30 per cent of NDS’ revenue goes into research and development activities says Peled. NDS India VP, GM Vladimir Ruppo says that the Bangalore center is fully responsible for delivery and product ownership. “The focus is on the Mediahighway middleware which is a software glue within the set top box and can also act as an end to end solution. It is built on Modular Architecture and can work on any set top box. It has already been integrated with 60 set top box vendors. Right now the Bangalore center is working on
developing a new Elecvtroni9c programme Guide (EPG).
“This solution is aimed at allowing a broadcaster to make dynamic changes and also the user can have a richer experience. The subscriber will be allowed to choose his/ her EPG scheme. The Bangalore office is also working an a solution for enabling mobile TV and also on high definition. It can also offer an end to end IPTV solution which will offer IP connectivity.”
Coming back to its existing deals in India NDS end-to-end systems are deployed by Tata Sky to offer a range of digital and interactive TV services that give their subscribers greater choice, control and convenience.
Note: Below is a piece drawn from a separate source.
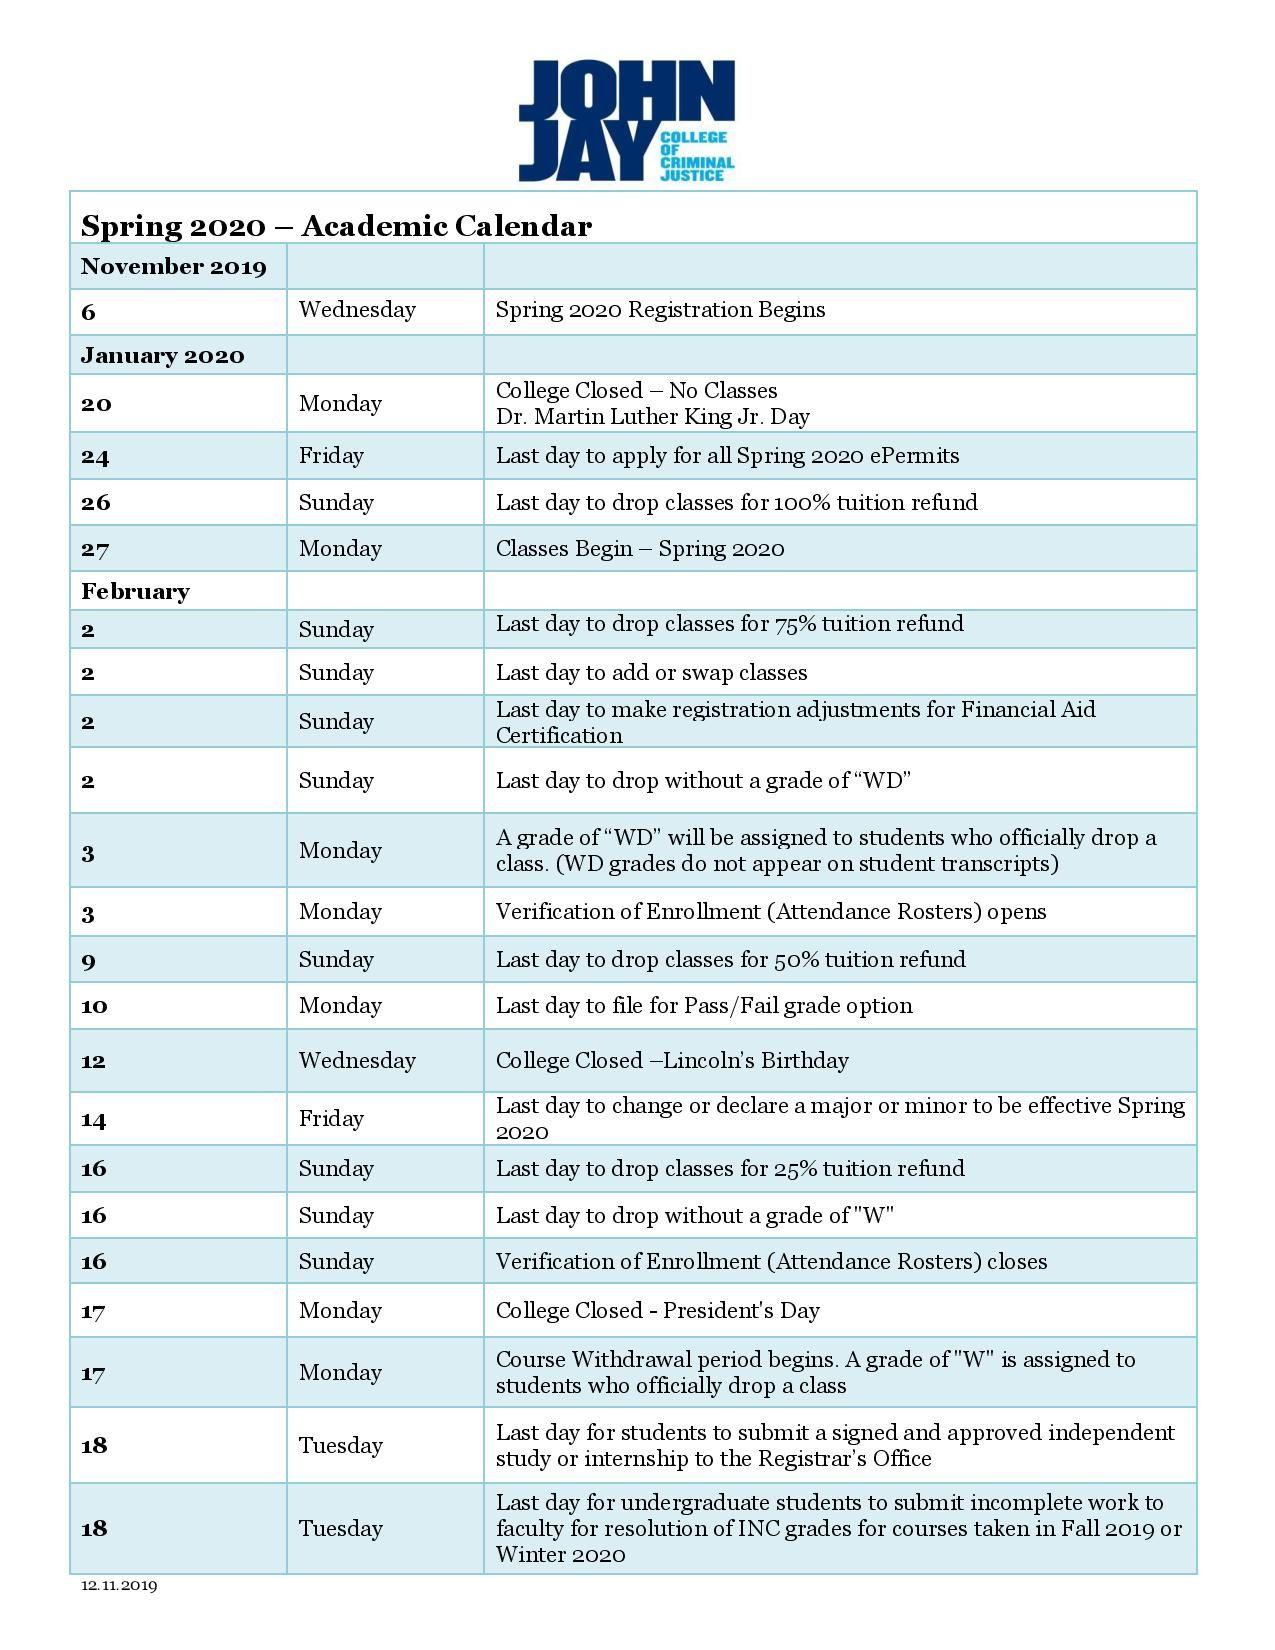 Ualbany Calendar Spring 2022.John Jay Academic Calendar Spring 2020 Https Www Youcalendars Com John Jay Academic Calendar Html Academic Calendar Academics Calendar

The NDS systems deployed include NDS VideoGuard conditional access solution (CAS),MediaHighway middleware, and a bouquet of interactive
TV applications including the electronic programme guide (EPG) for viewer navigation. The PEG was customised to suit the broadcaster’s requirements.
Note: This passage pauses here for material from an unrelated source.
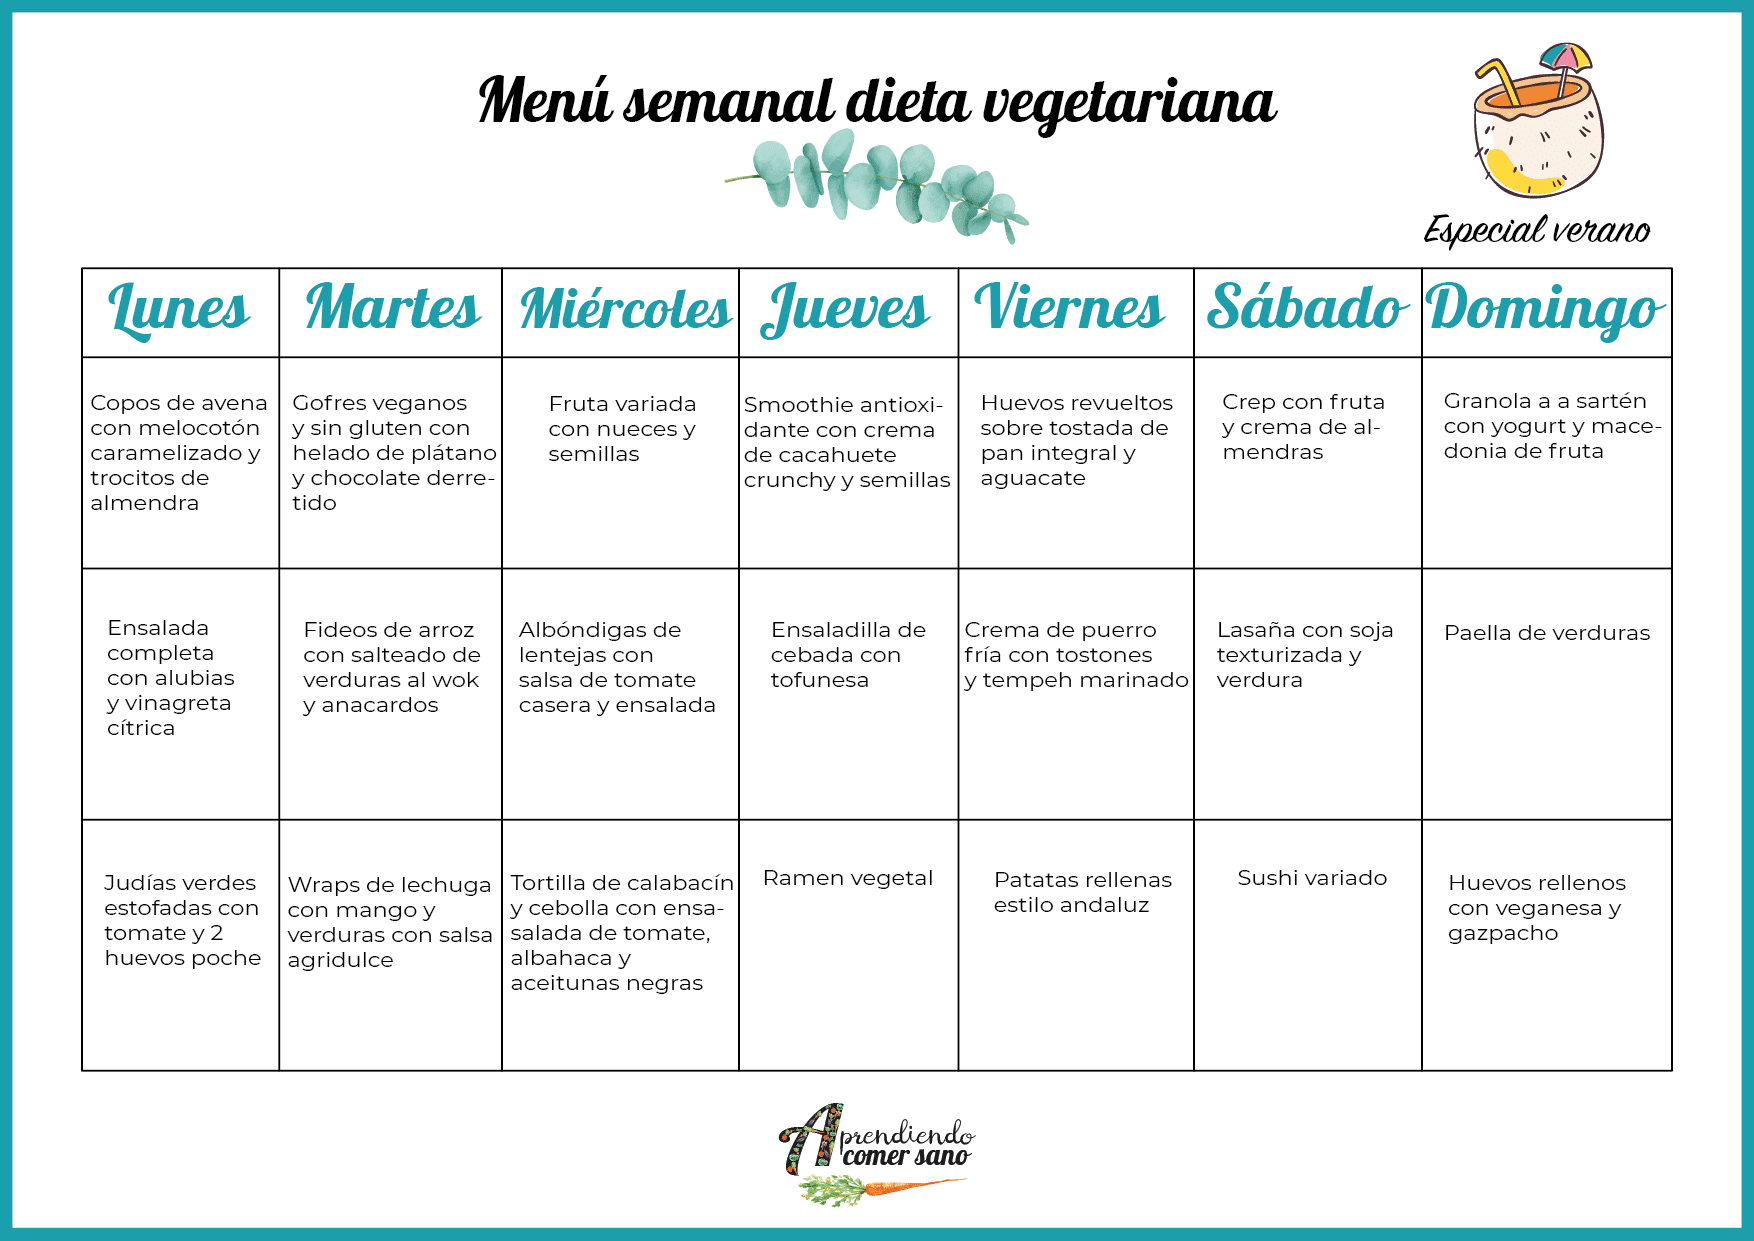 menu semanal dieta vegetariana verano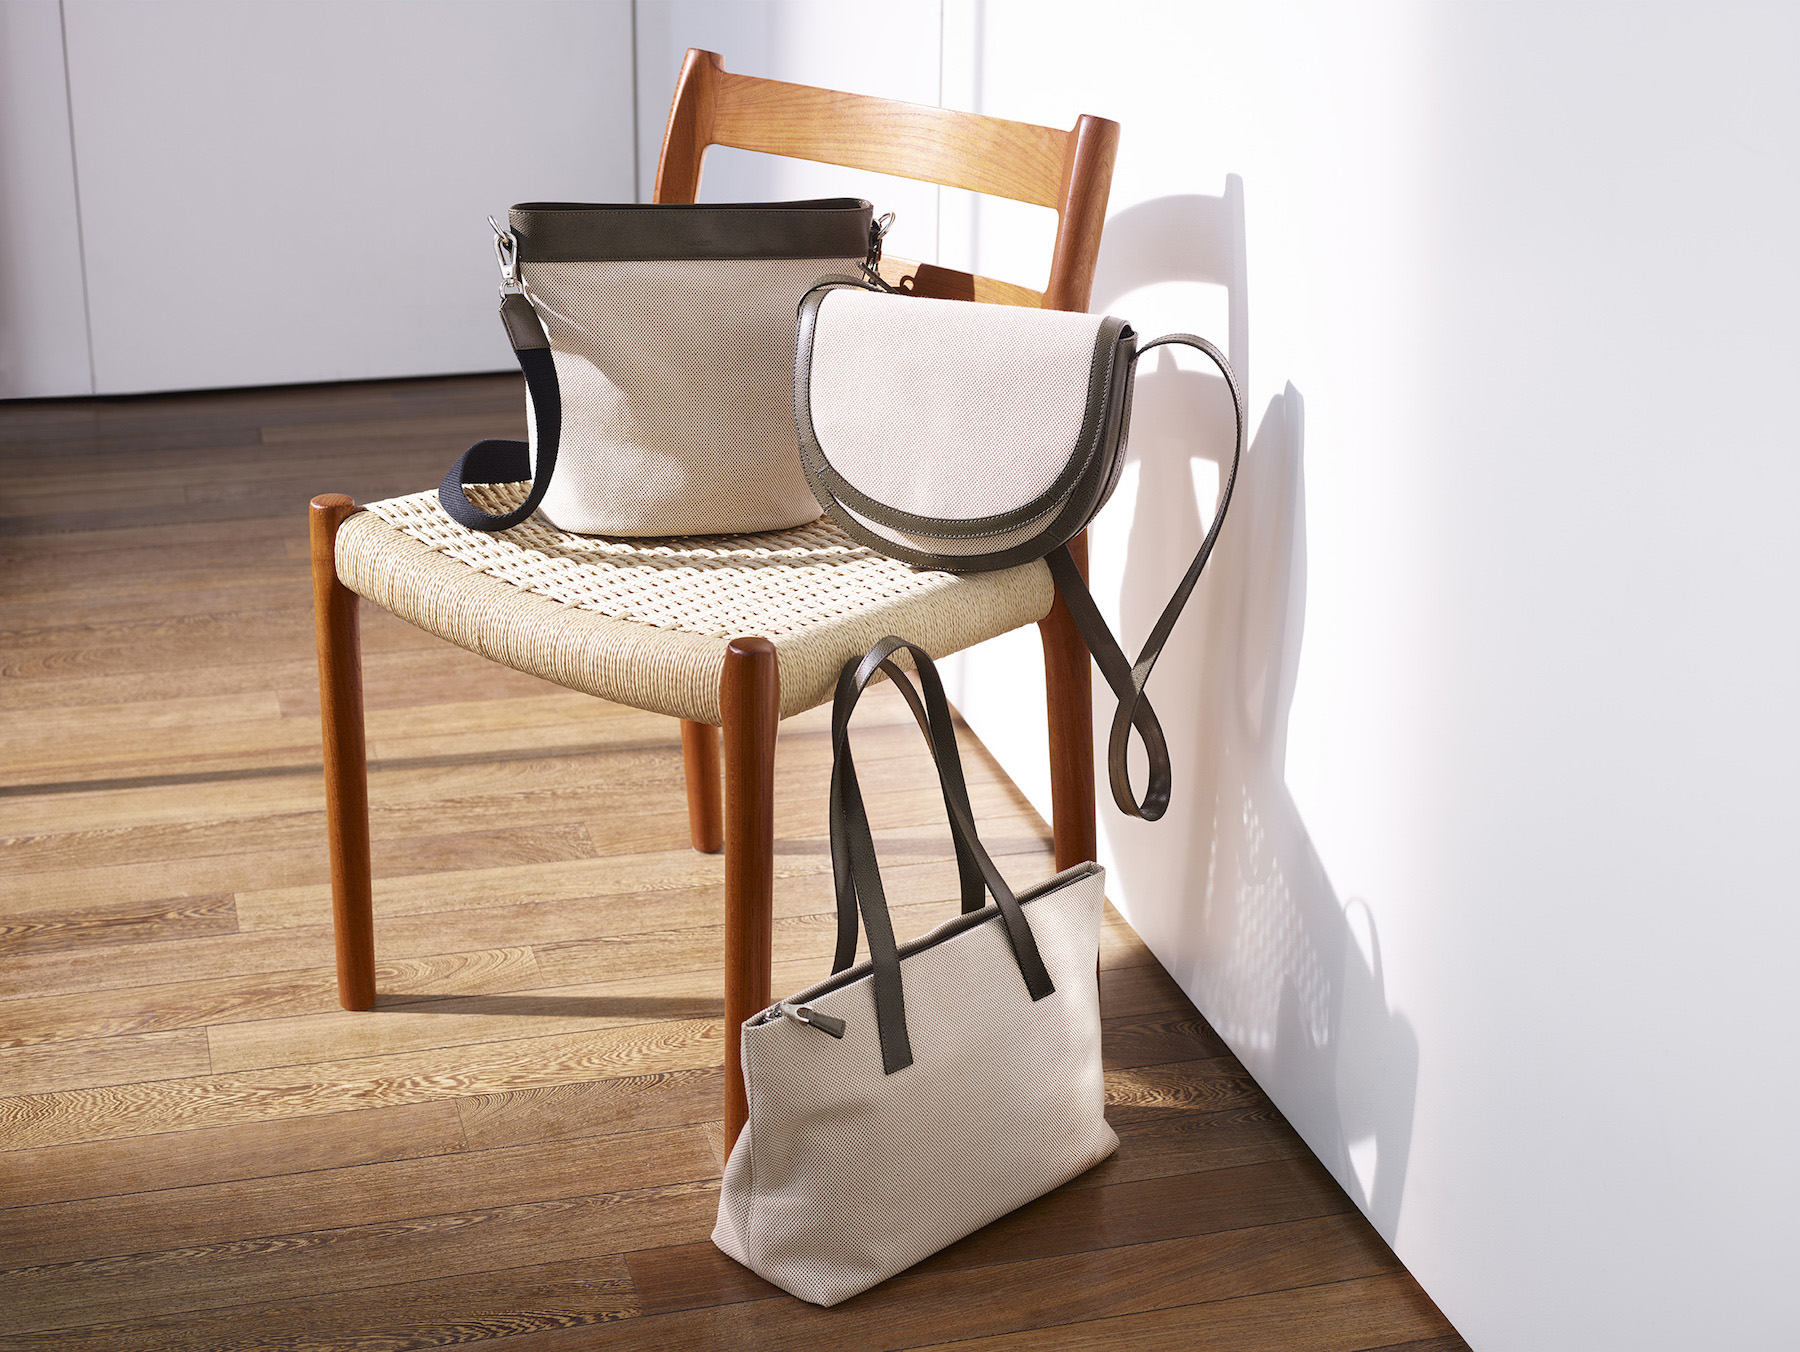 12-icon-artist-management-katie-hammond-advertising-jaeger-womens-handbags (1).jpg

For example there is a favourite channels feature which offers a display of key channels. Then there is the parental control feature which allows for disabling of channels deemed inappropriate for children by their parents. The EPG also sports multi lingual capabilities. So a bradcaster can offer a feed in multiple languages and the user can select accordingly. There is also fingerprinting to combat piracy.NDS points out that the main aim was to make the EPG simple use for anyone from 7-70 years of age. For Hathway NDS provided a customised EPG.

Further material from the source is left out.